Grelinette und Écureil haben das alles nicht mitbekommen. Seit sie am Dienstag auf einen Baum geklettert sind, ausgestattet mit Schlafsack, Hängematte und Seilen, sind sie nicht wieder runtergekommen. Sie haben sich fast häuslich eingerichtet, haben sogar eine Art Toilette konstruiert. Ansonsten haben sie sich kaum bewegt. In rund 30 Metern Höhe hängen sie in einer Astgabel, legen sich abwechselnd schlafen, singen, basteln, rufen Parolen, versuchen, die Polizei zu nerven. Diese hat bisher vergeblich versucht, die Aktivisten vom Baum zu bekommen.

«Die können halt nicht so gut klettern», sagt Écureil zu BLICK. Ansonsten seien die Polizisten aber nett. «Sie verpflegen uns mit Aprikosen und Mandeln», sagt sie. Zusammen mit etwas Reis und Oliven sei das genug Nahrung, um nicht zu verhungern. «Wir kämpfen bis zum Schluss, aber wir hoffen für die Natur, dass es keinen Schluss gibt».

«Irgendwann müssen sie runter»

«Irgendwann müssen sie herunterkommen. Sie können nicht ihr ganzes Leben dort oben bleiben», sagt eine Polizeisprecherin zu BLICK. Sie gewaltsam runterzuholen, sei aber aufgrund der Lage des Baumes äusserst schwierig und zu gefährlich. «Wenn einer der Aktivisten fällt, dann ist er tot», sagt die Sprecherin.

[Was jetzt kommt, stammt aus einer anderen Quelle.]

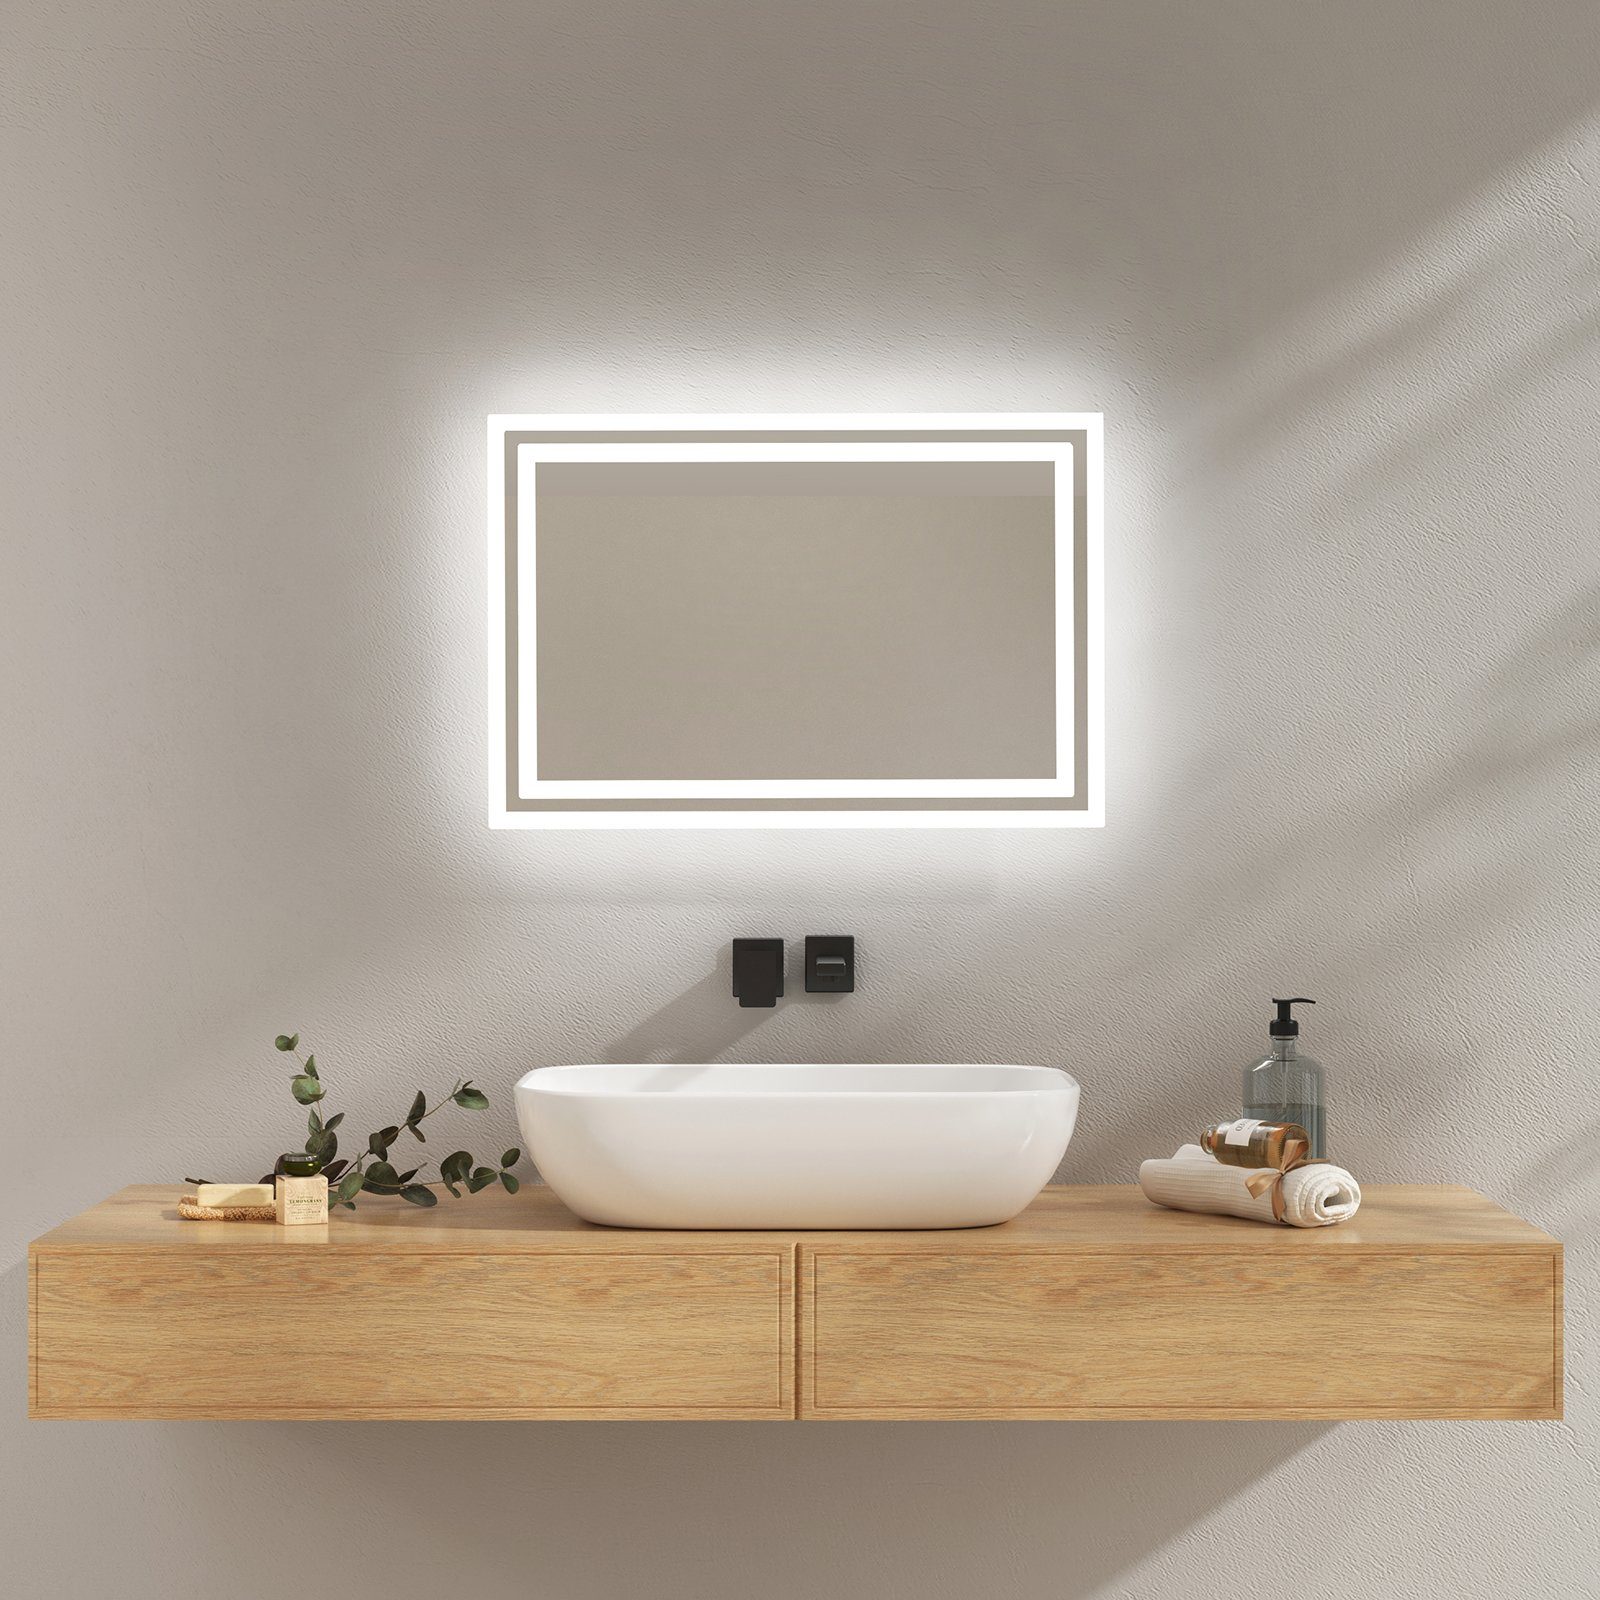 EMKE Badspiegel mit Beleuchtung LED Badezimmerspiegel Wandspiegel (Vertikal Horizontal möglich), Beschlagfrei, 2 Lichtfarben, Druckknopfschalter IP44

Nun würde eine Sicherheitsfirma in regelmässigen Abständen das Gelände patrouillieren und die Polizei informieren, wenn die beiden unten sind. «Sie sind von allein raufgeklettert, also schaffen sie es auch wieder nach unten», so die Sprecherin.

Bei einem dritten Aktivisten hat diese Verhandlungstaktik genützt. Er durchstand auch eine Nacht in den Bäumen, musste dann aber entkräftet hinuntersteigen. «Den Gefallen machen wir ihnen nicht», sagt Écureil. «Wenn wir gehen, ist auch die Hoffnung verloren.»